I’m so far gone that I don’t even realize that our deep kisses are now to cover the sound of our moans and grunts.
We get there. Together.
It’s heavenly and heavy at the same time.
We stay in an embrace as he stays inside of me, our eyes latching, and we lie there for minutes and say nothing.
The warmth surrounding my body is from Julian and his naked body spooning me.
I glance over my shoulder to see that he’s sleeping.
We must have fallen asleep. Except it took effort to get under the covers and use pillows, which means I knew what I was doing.

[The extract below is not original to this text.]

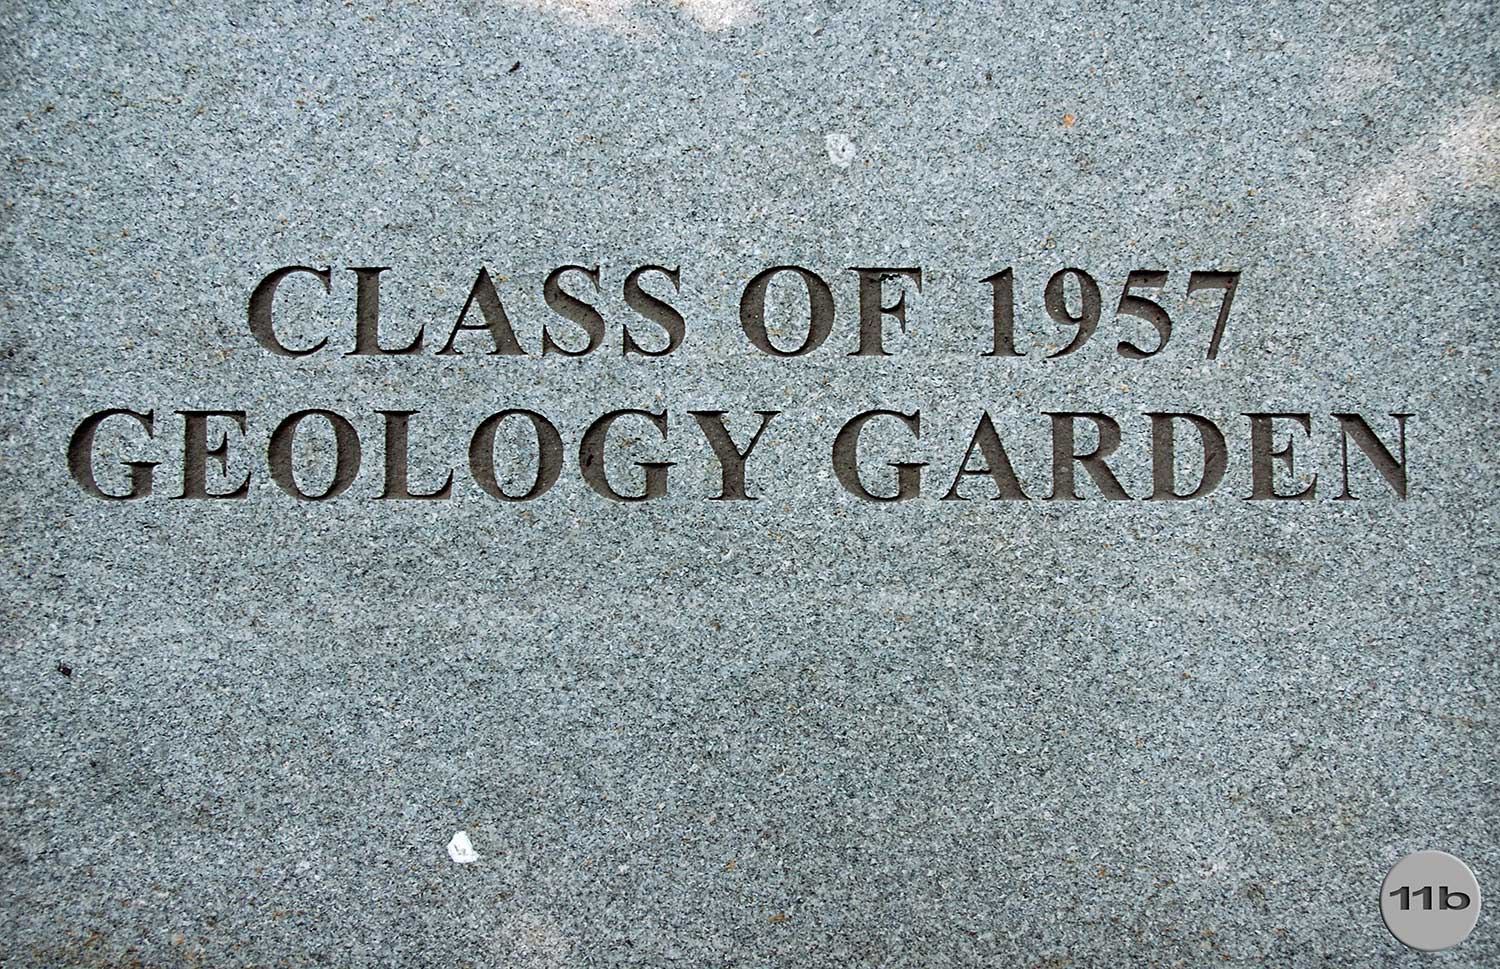 Geology Garden Class of 1957

But our silence continued, and Julian, to my surprise, didn’t press to convince me that this was a reunion. It wasn’t.
Taking the opportunity, I gently lift the duvet on my side and slip out of bed. My clothes are scattered haphazardously on the floor, and I collect my skirt.
Was this a mistake or a goodbye? I can’t process my thoughts right now, only panic to escape.
He did it once. The first night we slept together, he was gone when I woke up.
Now, I’m doing it in return, which by no means is revenge.
That’s why I spotted the pad of paper on the desk and a pen.
Tiptoeing to the desk, I pick up the paper and jot down a note:
You need to go back.
I return to the bed and set it on my now-empty pillow before pattering on my toes to the door and leave.